Like, we have so many categories of superhumans in Marvel. Mutates, Gamma Mutates, Inhumans, Alien Hybrids, Vampires, Eternals, Deviants, Atlanteans, etc. It'd have made sense if there was some extended hatred of all superhumans and non-homo sapiens in general. But we haven't seen this narrative move much since the 2000s with the whole "Hope Summers" bullshit.

Also they brought back fucking Reverend Stryker in the Weapon X comic from a while back. Specifically, they did it like fucking 2-3 times there. We need some good mutant villains again. The whole "Xeno" organization in the Hickman books seems to be a step in the right direction, and they may or may not also be an anti-Extraterrestrial organization too with the current symbiote books.

enough sperging i guess. i just find it amusing that i want to read marvel more than dc these days.

DC seems to be perpetually stuck in trying to set things up, but getting bombed at the starting line.

Marvel's at least trying to do something, but its funny how the MCU hasn't really resulted in a comics boom because you'd think it would have.
 
A notion Garth Ennis took to its logical conclusion in The Boys.
He's the Irish Guy who wrote Preacher, right? I never really liked him, I think he also write Fury Max and I've read stuff by Japanese War Otaku that are better about a lot of aspects of war. He's one of those guys who hates the genre and a lot of people love his nihilism because he'll explore some ideas. Same with the Ellis guy, I hope I didn't mix them up. I know that one of them is responsible for the current crop of writers by doing quid pro quos on his blog. I don't really like Anglo Writers that much, they seem to have a stick up their asses and can't help, but write thinly veiled British politics polemics and comment terribly on American politics. Moore was guilty of this, by far. Miracle Man which besides some gore is fairly boring is just him being angry about Thatcher, it's really pathetic. Moore is really only as good as the artist he was partnered with.
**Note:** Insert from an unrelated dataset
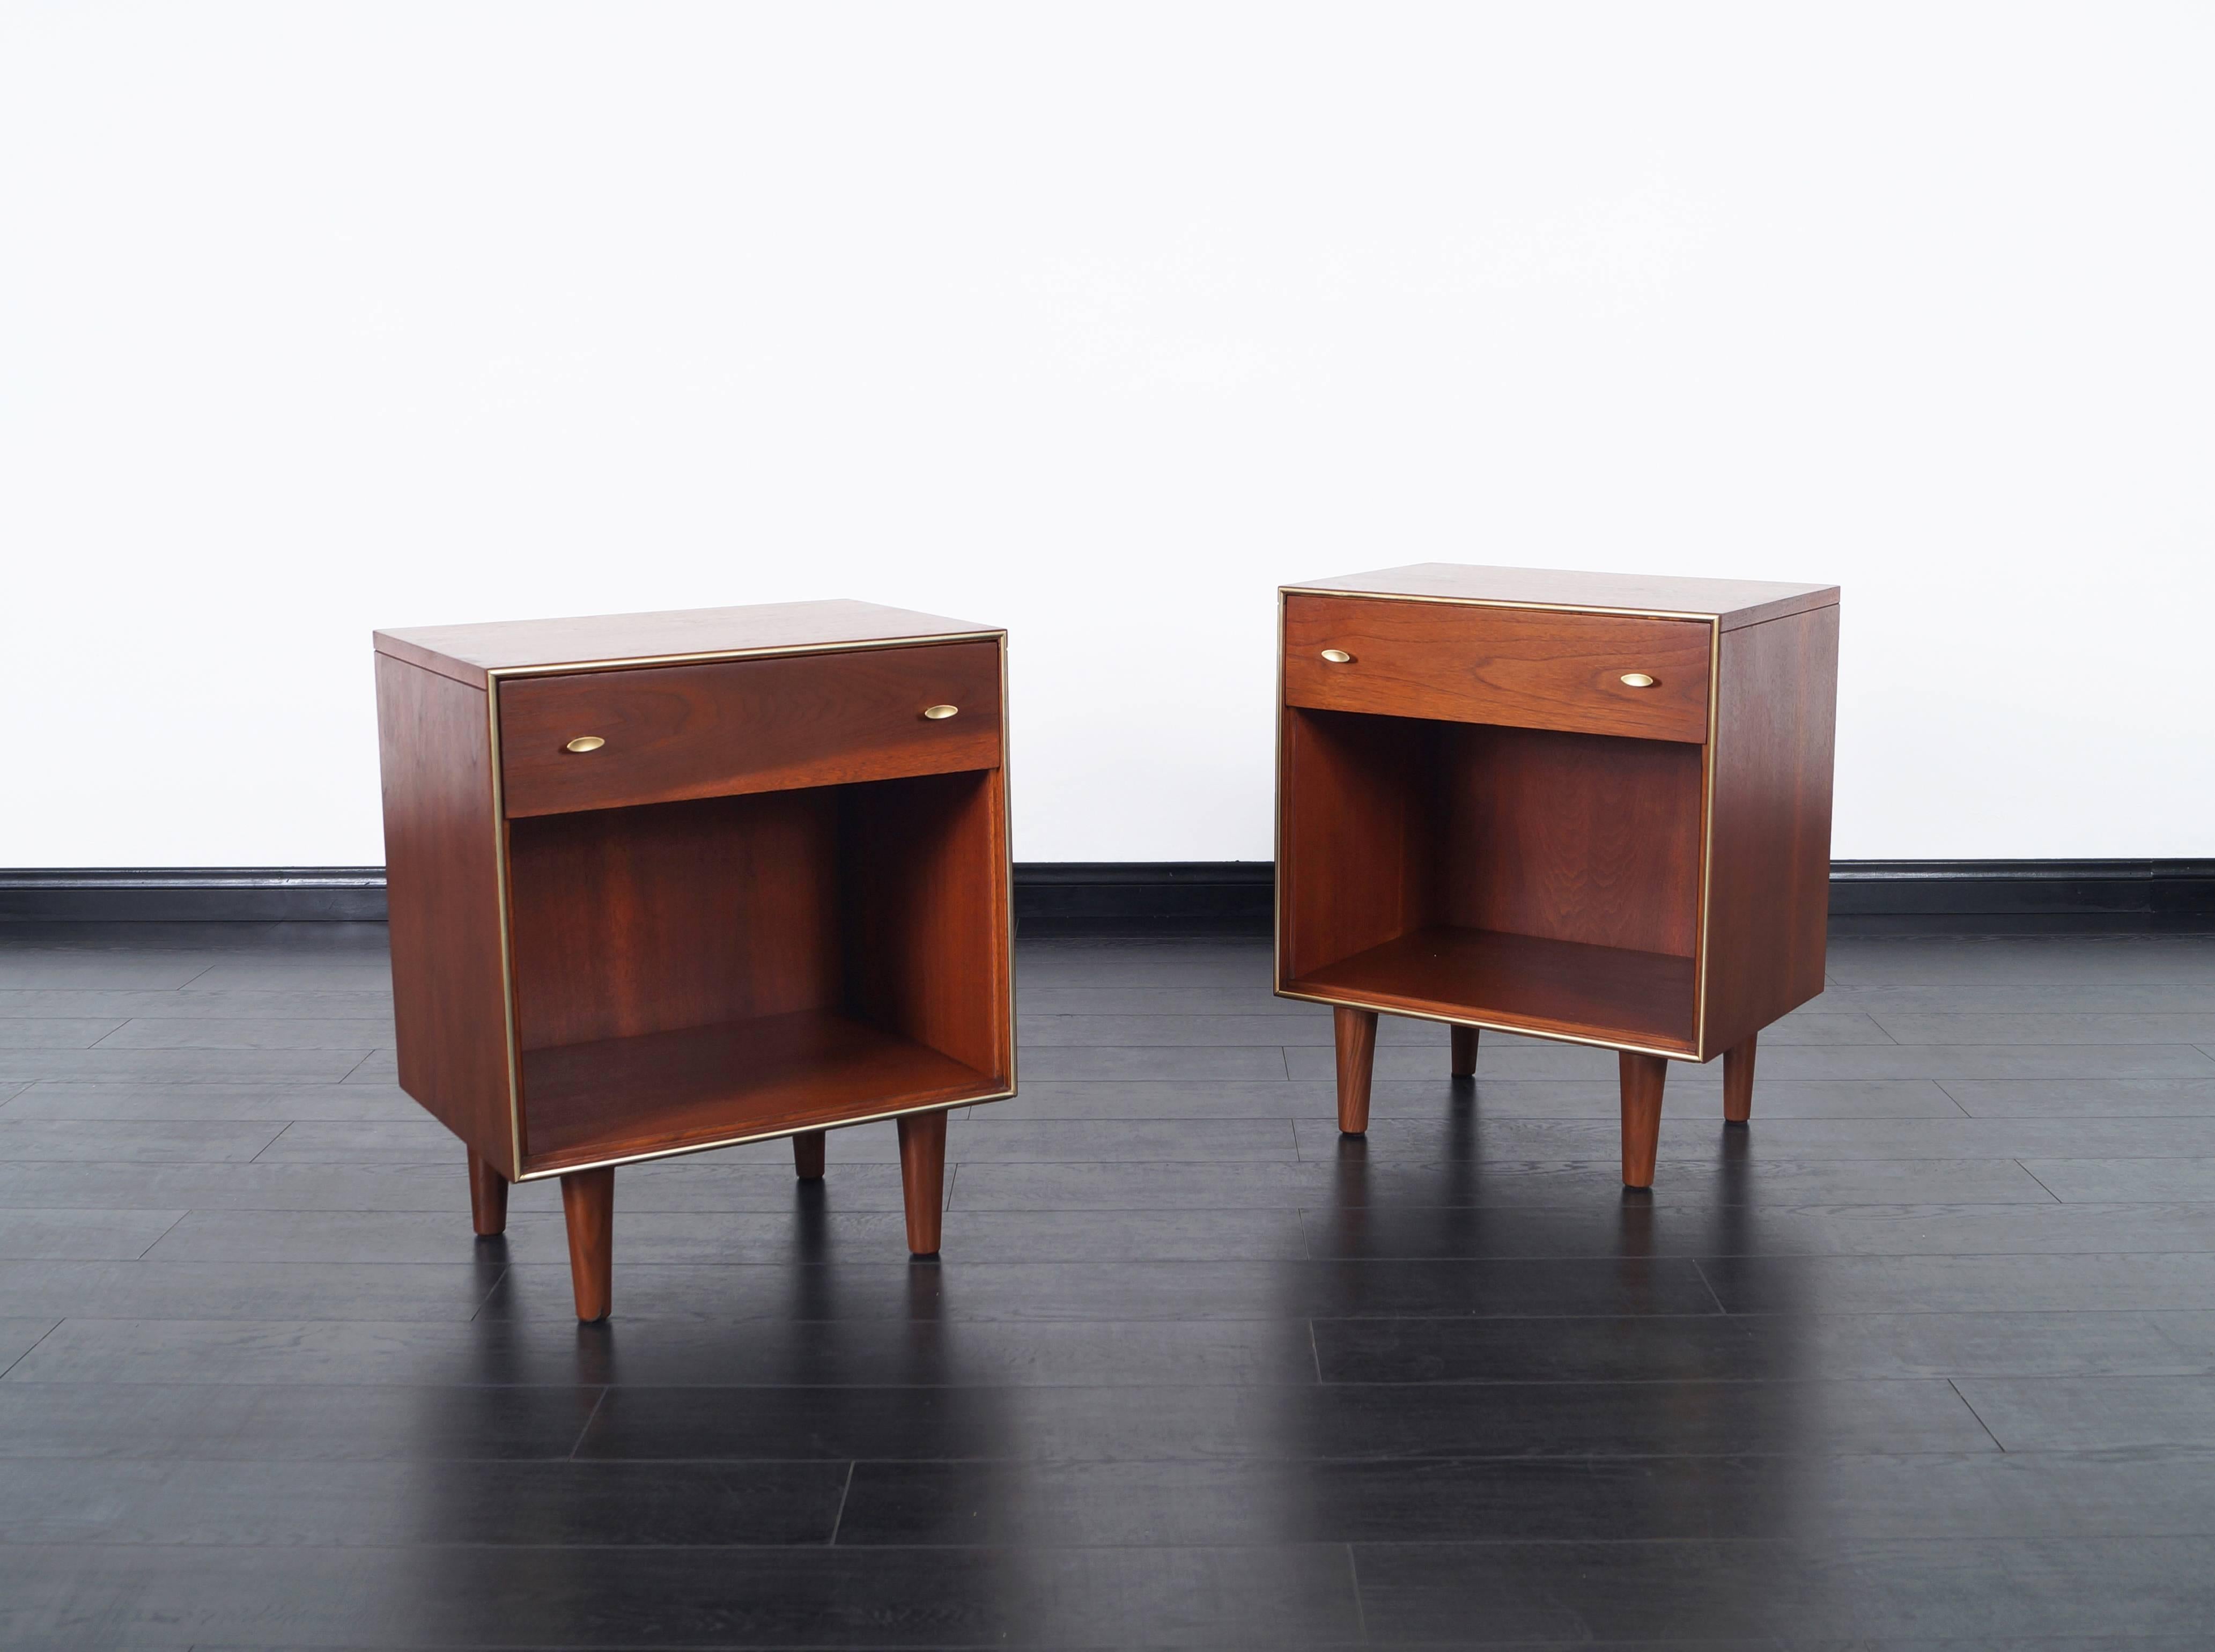 Pair of fabulous Mid-Century Modern walnut nightstands by R-Way. Each nightstand features one pull-out drawer with open storage underneath. Handles are stained in a brass finish.

I like Jap shit more because they understand that visual medium means visual medium. The sights gags in Manga are to communicate something, the character design as well. Western comics are allergic to speed lines to convey motion, it's why artists used capes and scarves. A lot of those things got tossed out the window, even the idea of why superheroes are heroes. Abusing your gifts was something heroes didn't really do, Peter Parker was a hero because he realized that he has to use his powers with responsibility, his issue was that he did it to the point where he had to many responsibilities and his life would fall apart. He was always a power fantasy, but the inherent moral was a positive message for young men. Even DBZ has the idea that you can constantly surpass your limitations, modern comics are diseased in that they don't really have a moral.